The law also allows taxpayers to deduct certain fringe benefits. This rule is set out in Section 132. Section 132 says that the following fringe benefits paid to workers are excluded from gross income:
- no-additional-cost service,
- qualified employee discount,
- working condition fringe,
- de minimis fringe,
- qualified transportation fringe,
- qualified moving expense reimbursement,
- qualified retirement planning services, or
- qualified military base realignment and closure fringe.
Disguised Personal & Family Expenses
The court was asked to reconcile these two rules. It concluded that the expenses were disguised family and personal expenses and not employee fringe benefits. It did so without providing much detail given that it did not believe the taxpayer provided sufficient records to determine which expenses could have been employee fringe benefits and it did not accept her explanations for the business purpose for some of the expenses.
About Family Fringe Benefits
Had the taxpayer provided sufficient records and separated out non-deductible personal expenses for herself, she may have been entitled to deduct some of the balance of the expenses.
Most deductible fringe benefits are limited to those amounts paid to employees. This is set out in Section 132 itself. There are exception for working condition fringe benefits and certain other expenses.

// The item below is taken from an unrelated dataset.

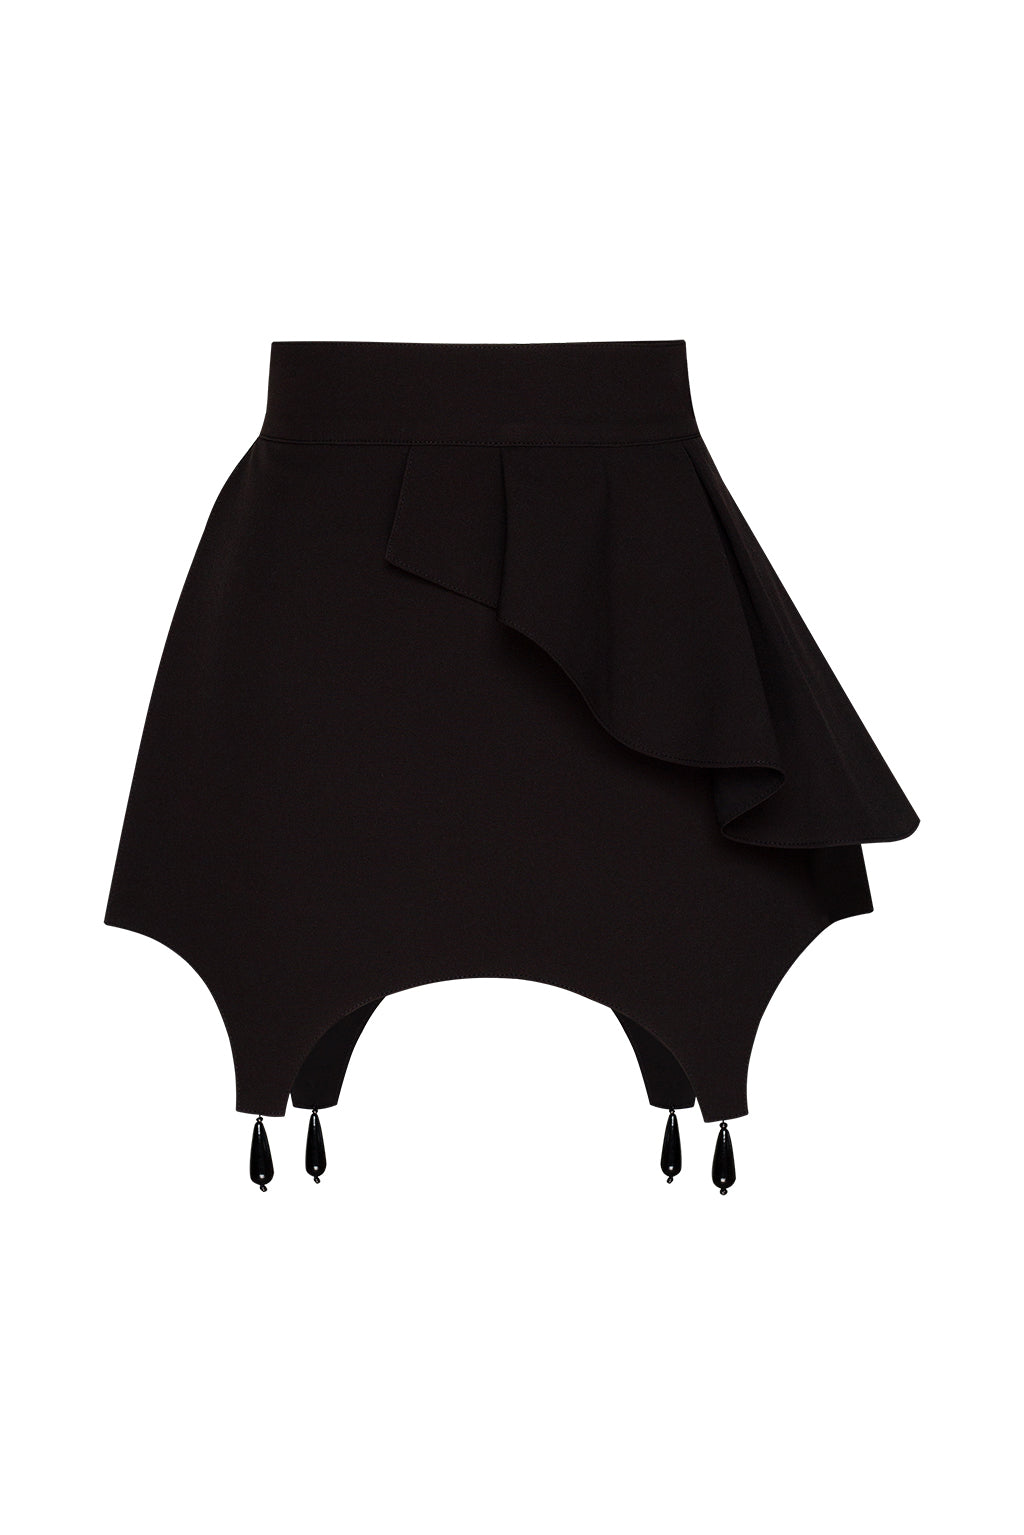 Black Bascque Skirt

This is also in Section 132 and/or the regulations for Section 132. Costs incurred by the contractor for travel, transportation, etc. are also deductible by the business under Section 162 and, if they meet the accountable plan requirements described in Section 62, excluded from the workers income.
The taxpayer paid her children as independent contractors and not as workers, so the Section 132 benefits would generally be limited to working condition fringe benefits. There are rules that determine what is deductible as a working condition fringe, but these benefits can even include education-related expenses, such as tuition.
This provides the framework for fringe benefits that are deductible for family members.
These type of expenses are frequently challenged by the IRS. They often result in tax disputes. To avoid these disputes, small business owners should take the time to keep records for these type of expenses and structure their affairs so that only qualifying expenses are deducted.
This issue is even more relevant given the recent TCJA changes that prevent workers from being able to deduct unreimbursed employee expenses. Now that workers cannot deduct these expenses themselves, taxpayers will want to shift more of these expenses to their business rather than to their workers.